- Care home
Stoneacre Lodge Residential Home
We issued warning notices to Seth Homes Ltd on 4 February 2025 for failure to meet the regulations relating to safe care and treatment (Regulation 12) and good governance (Regulation 17) at Stoneacre Lodge Residential Home.
Report from 24 December 2024 assessment
Contents
On this page
- Overview
- Learning culture
- Safe systems, pathways and transitions
- Safeguarding
- Involving people to manage risks
- Safe environments
- Safe and effective staffing
- Infection prevention and control
- Medicines optimisation
Safe
Safe – this means we looked for evidence that people were protected from abuse and avoidable harm. At our last assessment we rated this key question requires improvement. At this assessment the rating has remained requires improvement. This meant some aspects of the service were not always safe and there was limited assurance about safety. There was an increased risk that people could be harmed. The service was in breach of legal regulation in relation to safe care and treatment.

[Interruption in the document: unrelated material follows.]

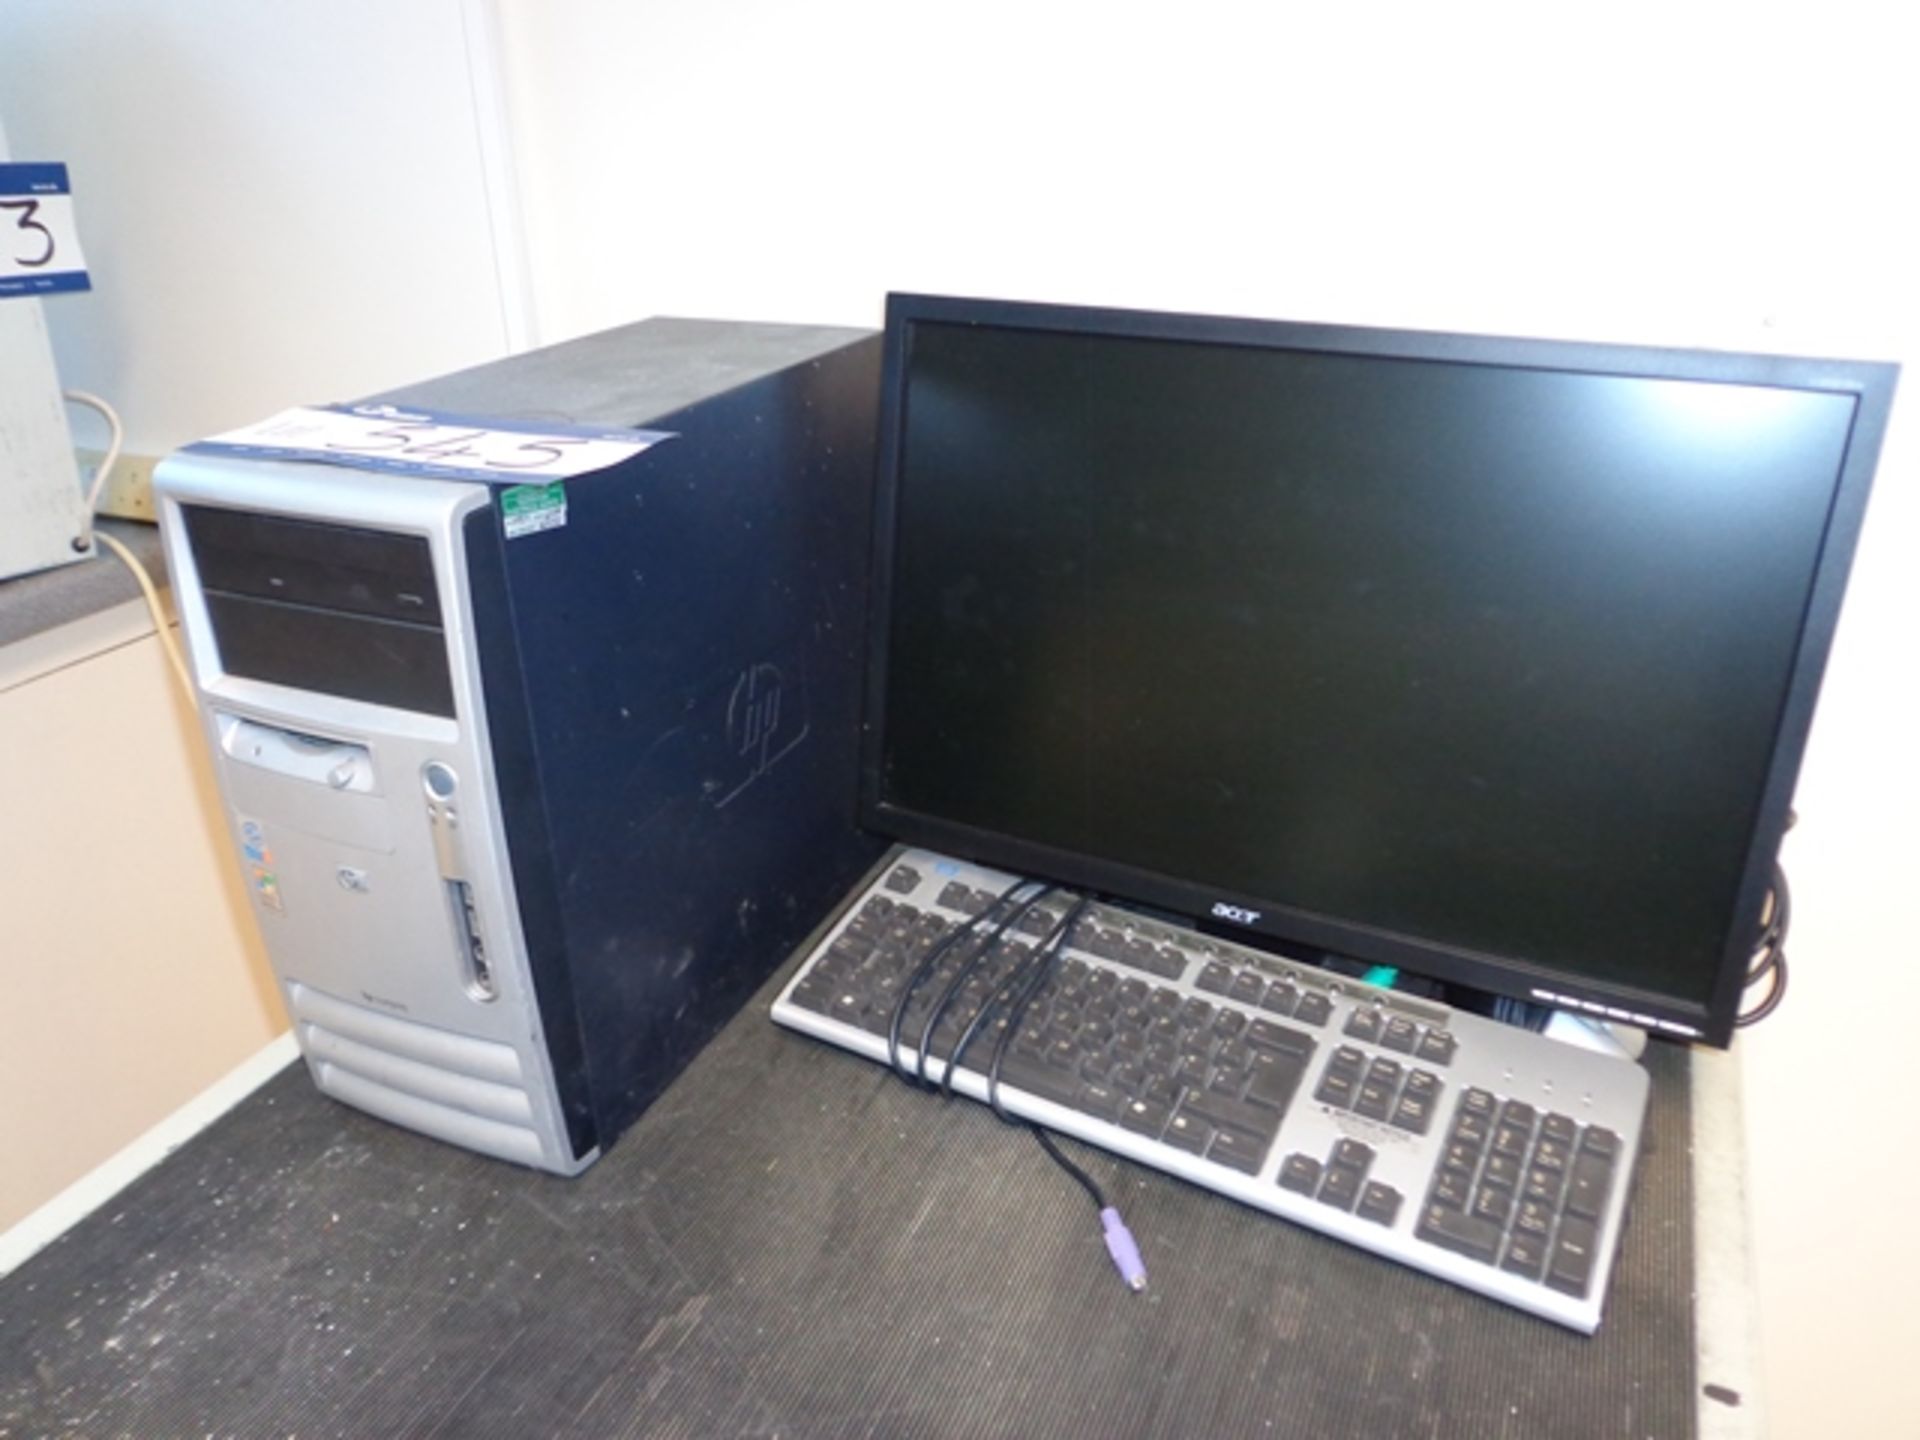 HP Compaq Personal Computer Desktop c/w Monitor/Keyboard and Mouse (Hard Drive Removed)

This service scored 44 (out of 100) for this area. Find out what we look at when we assess this area and How we calculate these scores.
Learning culture
The service did not always have a proactive and positive culture of safety based on openness and honesty. They did not always listen to concerns about safety and did not always investigate and report safety events. Lessons were not always learnt to continually identify and embed good practice. Accidents and incidents were logged and recorded but analysis of the information was simplistic. It did not identify themes or trends to improve the quality of care and support to keep people safe.

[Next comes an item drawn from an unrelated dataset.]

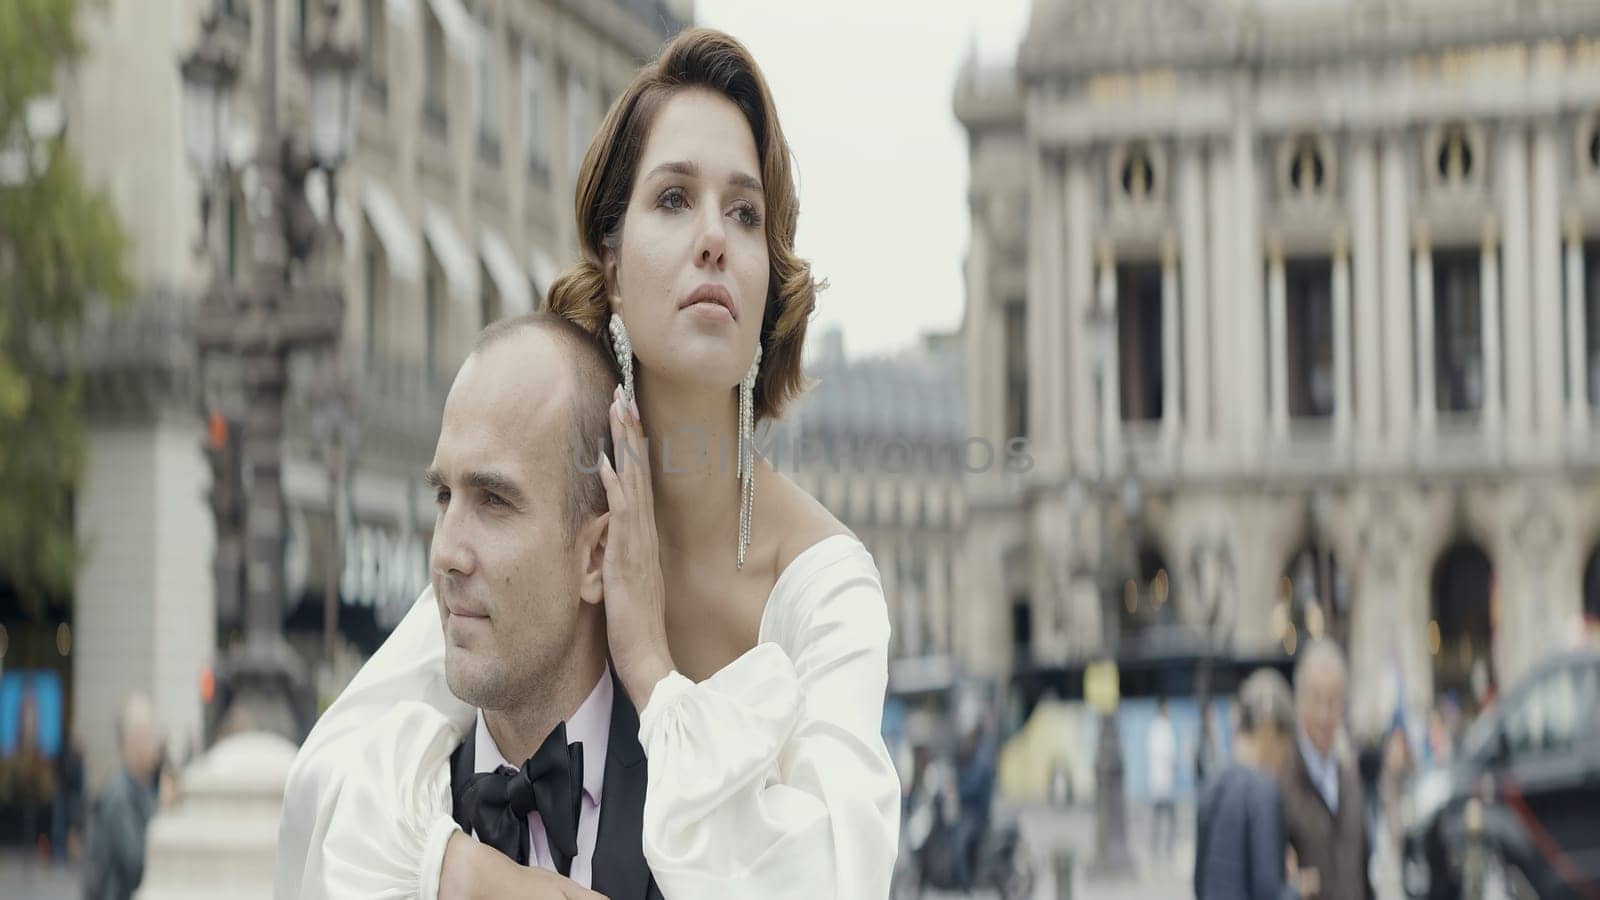 A man picks up his wife in his arms. Action. A date on the street where a girl in a white dress with a beautiful styling who jumps on her hands on a man in a suit in the fresh air. High quality 4k footage

Safe systems, pathways and transitions
The service did not always work well with people and healthcare partners to establish and maintain safe systems of care. They did not always manage or monitor people’s safety. They did not always make sure there was continuity of care, including when people moved between different services. People had not always received timely referrals to clinical support services such as speech and language therapists and dieticians when concerns were identified about weight loss.
Safeguarding
The service did not always work well with people and healthcare partners to understand what being safe meant to them and how to achieve that. They did not always concentrate on improving people’s lives or protecting their right to live in safety, free from bullying, harassment, abuse, discrimination, avoidable harm and neglect. There was a safeguarding log in place where concerns and outcomes were recorded but it was incomplete and not up to date. There was no evidence of how safeguarding incidents were analysed to identify lessons learned. There were no mechanisms which demonstrated how learning was shared with staff to make changes and improvements to the service.

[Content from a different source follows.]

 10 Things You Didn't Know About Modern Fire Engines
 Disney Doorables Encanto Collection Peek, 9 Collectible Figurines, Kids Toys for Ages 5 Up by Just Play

Involving people to manage risks
The service did not work well with people to understand and manage risks. They did not provide care to meet people’s needs that was safe, supportive and enabled people to do the things that mattered to them. Risks were not identified or mitigated in people’s care plans. Care plans were not reviewed in a timely manner and this meant care was not delivered in line with people’s identified needs. This put people at risk of harm. This is a breach of regulation 12 safe care and treatment and we asked the provider to take action.
Safe environments
The service did not always detect and control potential risks in the care environment. They did not make sure equipment, facilities and technology supported the delivery of safe care. Radiators covers were not in place for some radiators in the care environment. These radiators were hot to the touch and were a risk to people living in the care home. Records of water temperatures and cleaning and descaling of showers were not completed or recorded and there was no management oversight of these records. This put people at risk of harm. This is a breach of regulation 12 safe care and treatment and we asked the provider to take action.
Safe and effective staffing
The service made sure there were enough qualified and skilled staff who received effective support, supervision and development. Staff were recruited safely and a range of checks including references and disclosure and barring checks (DBS) had been requested and obtained prior to new staff starting work in the service. Staff were caring and compassionate in their support for people. When we asked people about the staff, a family member told us, “They are always very polite and seem very friendly people.”
Infection prevention and control
The service did not always assess or manage the risk of infection. They did not always detect and control the risk of it spreading or share concerns with appropriate agencies promptly. We saw evidence of full clinical waste bags left open on a toilet floor which were full of used continence products. This caused an infection control risk and an unpleasant odour. People told us staff used personal protective equipment (PPE) appropriately, “PPE is always used when sickness is around. [There are] no restrictions of visiting only that they ask we try not to come at lunchtimes.”
Medicines optimisation
The service did not make sure medicines and treatments were safe and met people’s needs, capacities and preferences. Medicines were not managed safely. Administration of controlled drugs was not signed by 2 people and body maps for the administration of pain patches were not used effectively. This put people at risk of harm. This is a breach of regulation 12 safe care and treatment and we asked the provider to take action.